Contemporary relational psychoanalysis is an elegant blend of art and science. It is to be a skilled musician who knows her instrument well enough to play with any musician and recover from misattunements. It is to be a skilled boater who knows how to row in any waters and recover from the boat overturned. Contemporary relational psychoanalysis is to know the self enough to help others to know themselves. To know what is needed in the healing relationship and why. It is to know how to fail and how to repair. It is to know how to be curious throughout the lifespan. It is to know how to be helpful and also how to not know. It is a humble and rich way of being in the role of therapist.

My goal in supervision is to support clinicians in trusting themselves and trusting their clients. I am disinterested in being a gatekeeper or telling clinicians how they “should” work. Instead, I am interested in helping them notice what is going on in the room and within themselves and how to make decisions based on that noticing. I wish to help clinicians try and fail and try and succeed and work to understand the why. Supervision, in my mind, should mirror the organic process of relational psychoanalytically informed psychotherapy in that, while the focus is on your cases vs your mind, I trust clinicians to bring to the table what is most in need of attention. And I trust them to bring it to me in a way that is most useful to their practice.

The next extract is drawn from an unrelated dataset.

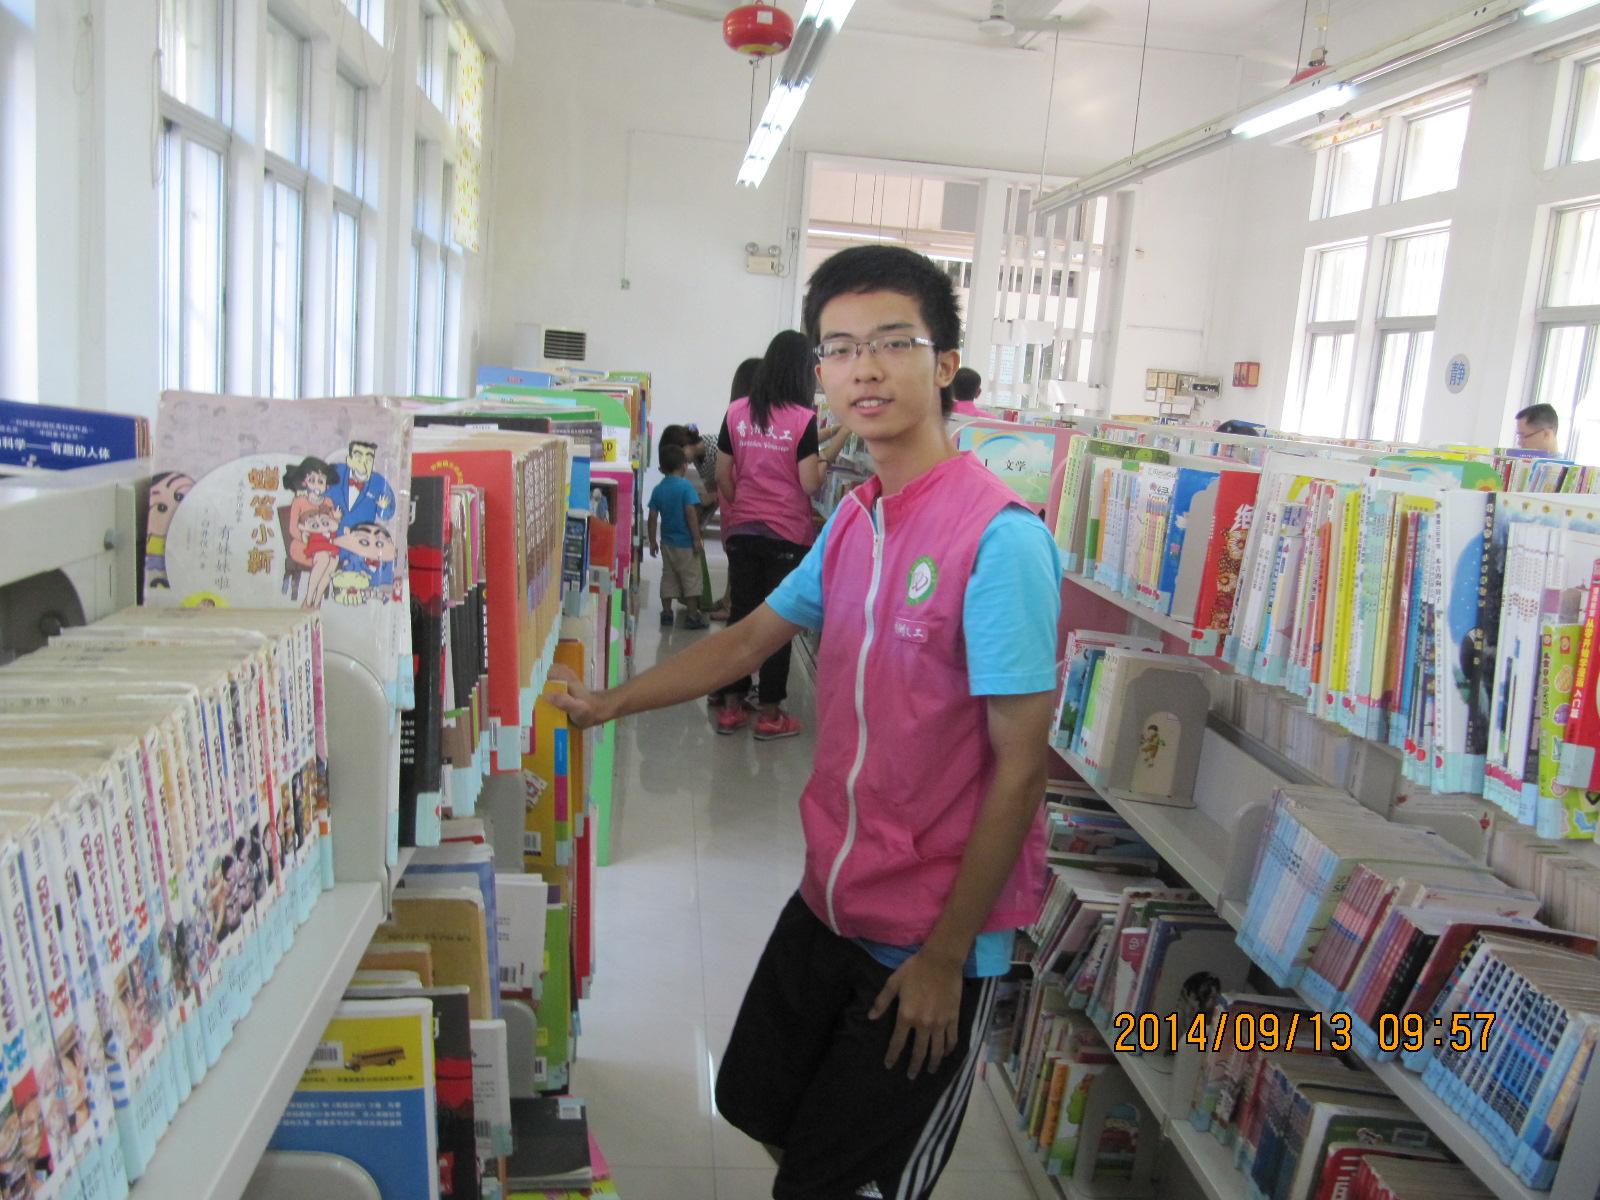 香洲义工网-9月13日【周六上午】少儿图书馆义工活动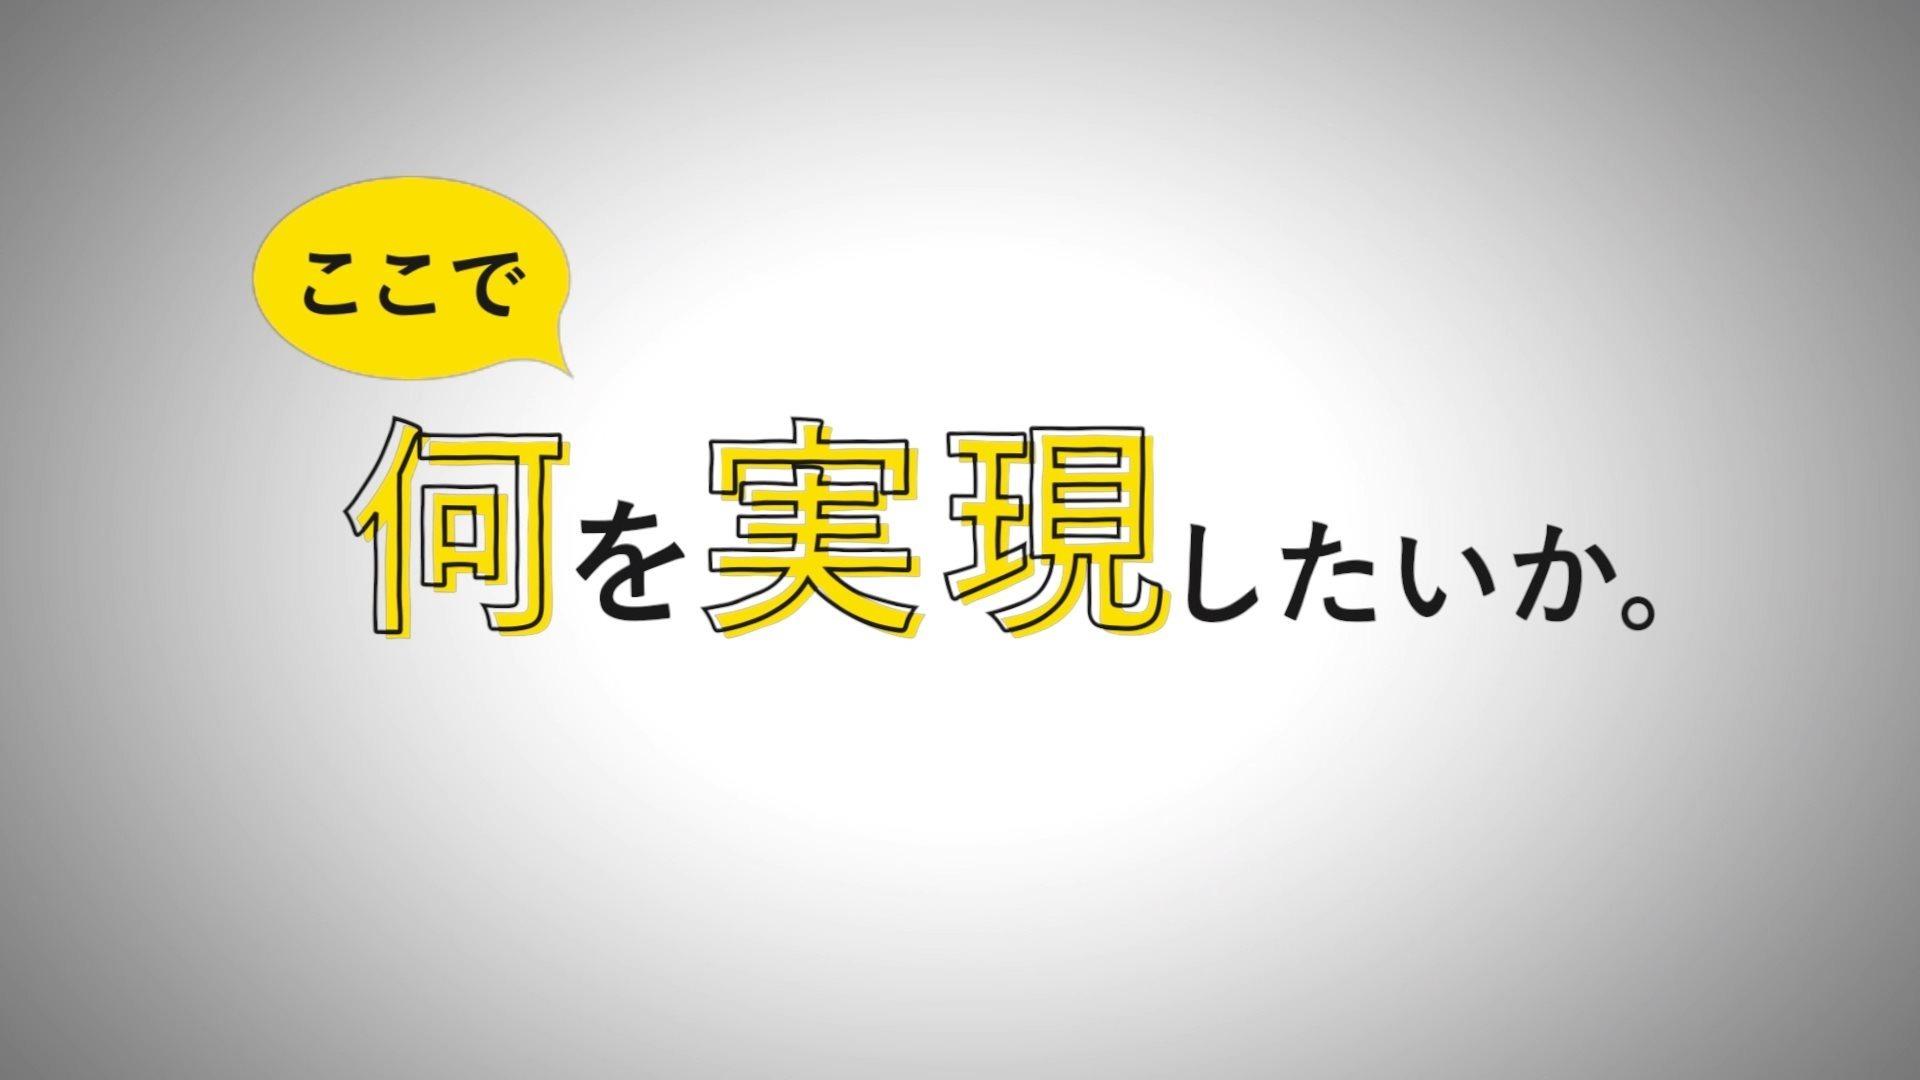 【パチンコ未来ラボ】ティザー動画 第1弾

As as supervisor I believe I have a strength in noticing patterns and imagining the childhoods that led to those patterns within the psyche. I find that supervision conversations allow for another eye to see what the themes of the treatment are and how to access those themes in the work based on each client’s resistances.

For 13 years prior to starting my own private practice I served in direct care and supervisory roles in wilderness, residential treatment, IIHS, day treatment and foster care environments. My many years of experience in these high intensity and high trauma settings set me apart from many outpatient clinicians and supervisors in that they have provided me with a unique perspective on how to navigate trauma and resistance for even very complicated clients. For the last four years I have been providing clinical supervision and consultation to outpatient therapists and have supported many of them in starting their own thriving practices.

Since being in private practice, I have received and continue to receive psychoanalytic supervision from Dr. Stephen Ellis M.S.W., B.C.D., Ph.D., NCPsy.A. Dr. Stephen Ellis is the former Executive Director of the Philadelphia School of Psychoanalysis and studied with Dr. Gerald Lucas at the Institute for Modern Psychoanalysis in New York City. He also participated in Training Groups with Dr. Hyman Spotnitz, founder of the Modern Psychoanalytic approach to psychotherapy.

It is in the tradition of contemporary relational pychoanalysis to first be student, supervisee and analysand. While an analyst may never stop being any of those things, it is an honor in the tradition to then move on to supervising, teaching and analyzing those who wish to learn this art. I provide psychoanalytically Informed supervision for those who require supervision for NC full licensure as well as those who wish to continue their supervision throughout their career.